Débarqué à l’Union Bordeaux-Bègles en 2024 avec l’étiquette d’international expérimenté, Joey Carbery est désormais sur la sellette. Son adaptation compliquée au Top 14 pourrait ouvrir la porte à des ajustements stratégiques chez les concurrents… dont le Stade Toulousain.
Joey Carbery : un pari qui tourne court à l’UBB
L’arrivée de Joey Carbery à Bordeaux avait tout du coup stratégique. Après une belle saison 2023-2024 conclue par une finale perdue contre le Stade Toulousain, Yannick Bru souhaitait apporter de la profondeur à un poste crucial : l’ouverture. Le demi d’ouverture irlandais, fort de ses 37 sélections avec le XV du Trèfle, devait permettre à Jalibert de souffler, tout en maintenant un haut niveau de jeu.
Mais en réalité, l’ancien du Munster peine à convaincre. En difficulté dans la gestion du rythme du Top 14, souvent sous pression face aux défenses aggressives, Carbery n’a pas su imposer son jeu. Son dernier match, face au Racing 92, a incarné ses difficultés chroniques : imprécision au pied, manque d’impact, et difficulté à organiser la ligne d’attaque. Pendant ce temps, Joseph Laharrague, jeune espoir formé au club, montre des progrès constants et s’installe de plus en plus dans la rotation.
Résultat : alors que l’arrivée d’Hugo Reus (Stade Rochelais) est attendue pour la saison prochaine, la direction girondine envisage déjà de tourner la page Carbery, dont le contrat arrive à échéance en juin 2025.
Quels impacts pour le Top 14 et le Stade Toulousain ?
Pour les passionnés du Top 14, cette probable sortie de route de Joey Carbery s’inscrit dans une logique de rationalisation des effectifs. Avec une saison dense entre championnat, Coupe d’Europe et doublons internationaux, les clubs ont besoin de joueurs immédiatement performants. Un luxe que Carbery, malgré toute son expérience, ne semble pas en mesure d’offrir à court terme.

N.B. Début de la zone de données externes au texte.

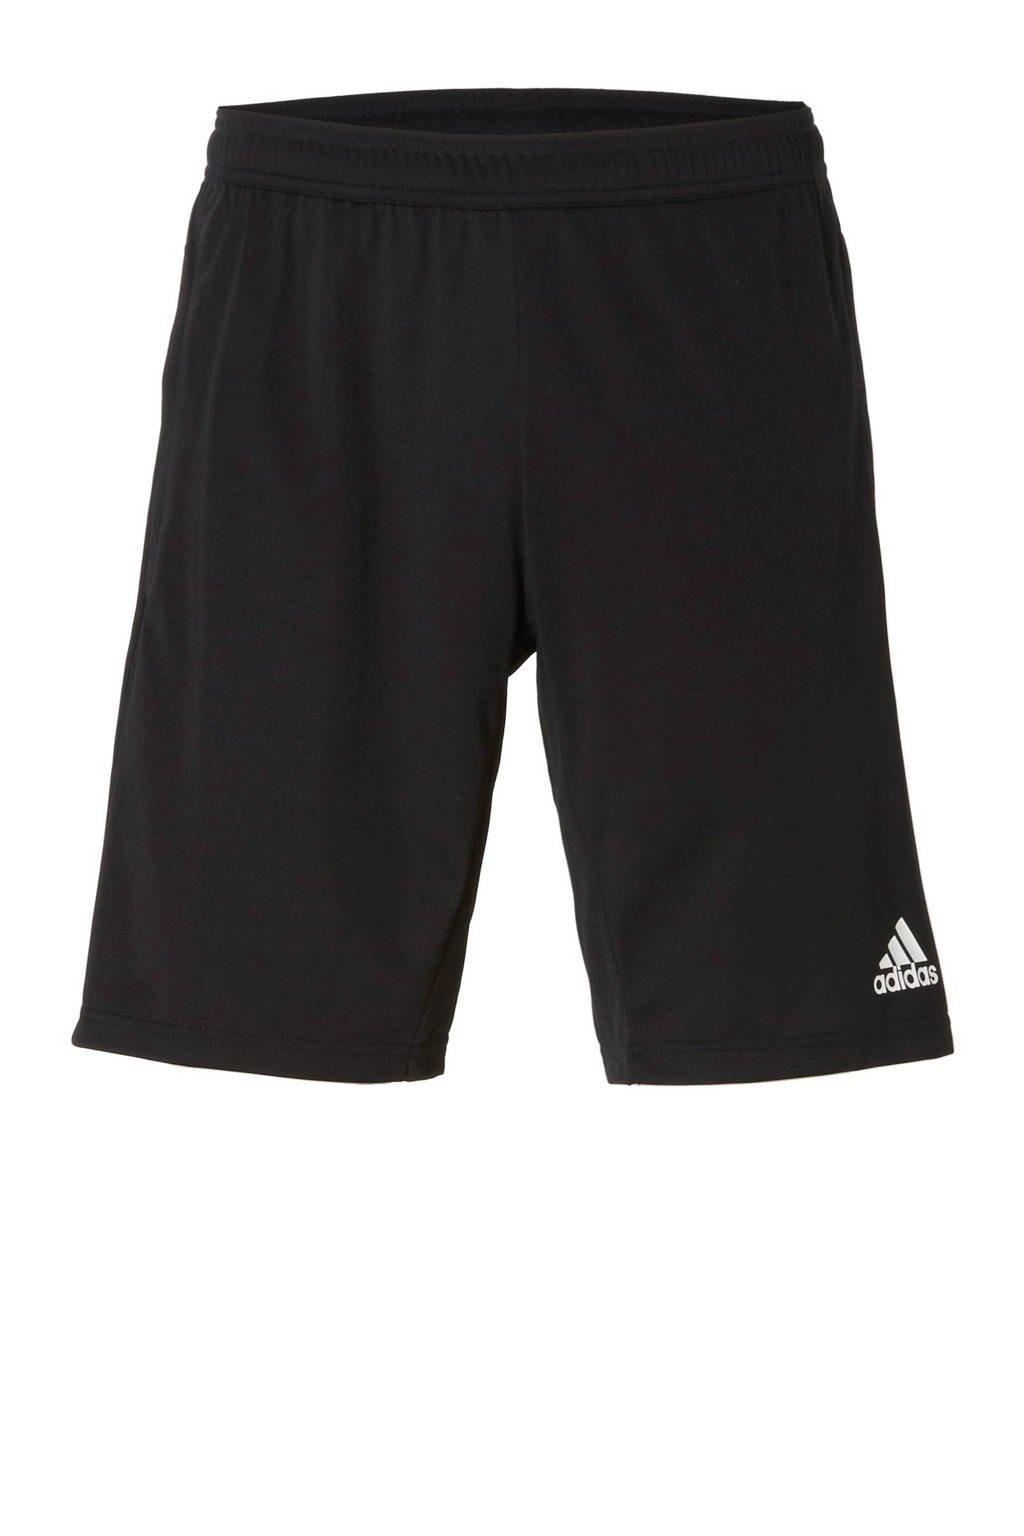 adidas Performance   sportshort Con18 zwart, Zwart

Côté Stade Toulousain, cette situation est à observer de près. Si le club rouge et noir n’est pas directement concerné par le dossier Carbery, elle souligne toutefois une chose importante : trouver un numéro 10 capable de jouer sous la pression en Top 14 reste un défi. Avec Thomas Ramos de plus en plus utilisé à l’ouverture en l’absence de Ntamack (toujours en reprise après sa longue blessure de 2023), le Stade cherche aussi à équilibrer son effectif stratégique.
Un profil comme celui de Hugo Reus, jeune, précis, formé au niveau international avec les équipes de France jeunes, aurait pu parfaitement cadrer avec la politique de recrutement de Toulouse. Ce dernier rejoindra pourtant l’UBB… au moment même où Carbery devrait en partir. Une ironie du calendrier qui pourrait profiter à La Rochelle et Toulouse, qui voient là leurs rivaux directs gérer une transition délicate à un poste-clé.

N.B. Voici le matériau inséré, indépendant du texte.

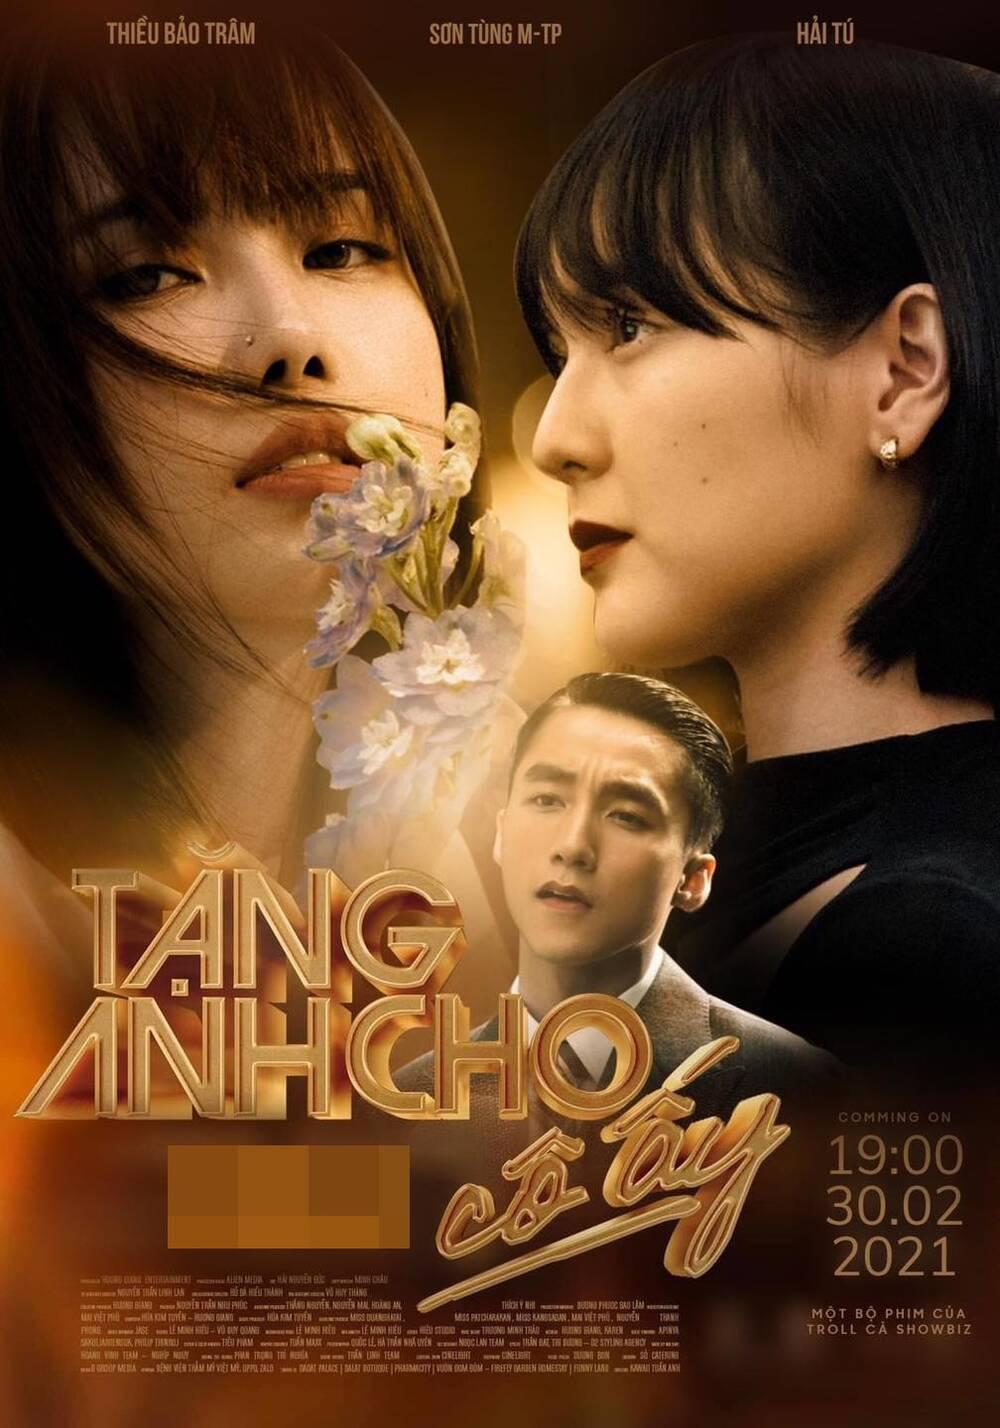 """Hải Tú bị Netizen """"cà khịa"""", Sơn Tùng bị fan yêu cầu làm rõ chuyện với Thiều Bảo Trâm - Ảnh 3."""

En parallèle, cette situation confirme les choix intelligents de la cellule recrutement toulousaine, qui préfère miser sur la formation interne ou des renforts ciblés (comme le retour annoncé de Zack Holmes au centre). Avec une base stable et des leaders de jeu identifiés (Ntamack, Ramos, Dupont), le Stade évite le piège des recrutements clinquants mais risqués.
Conclusion : un départ programmé avec des répercussions au-delà de Bordeaux
À moins d’un renversement de situation spectaculaire, Joey Carbery devrait quitter l’aventure Top 14 à l’issue de cette saison 2024-2025. Un an après son arrivée, le numéro 10 irlandais n’a pas réussi à répondre aux exigences du championnat français. Son probable départ symbolise aussi les défis d’intégration des stars étrangères dans un championnat aussi dense que le Top 14.
Pour Toulouse, cette actualité est un signal sur la concurrence : renforcer efficacement ses lignes, former ses jeunes, éviter les paris incertains. C’est aussi un rappel – s’il en fallait un – que sur les terrains du rugby hexagonal, seule la cohérence de projet paie sur la durée.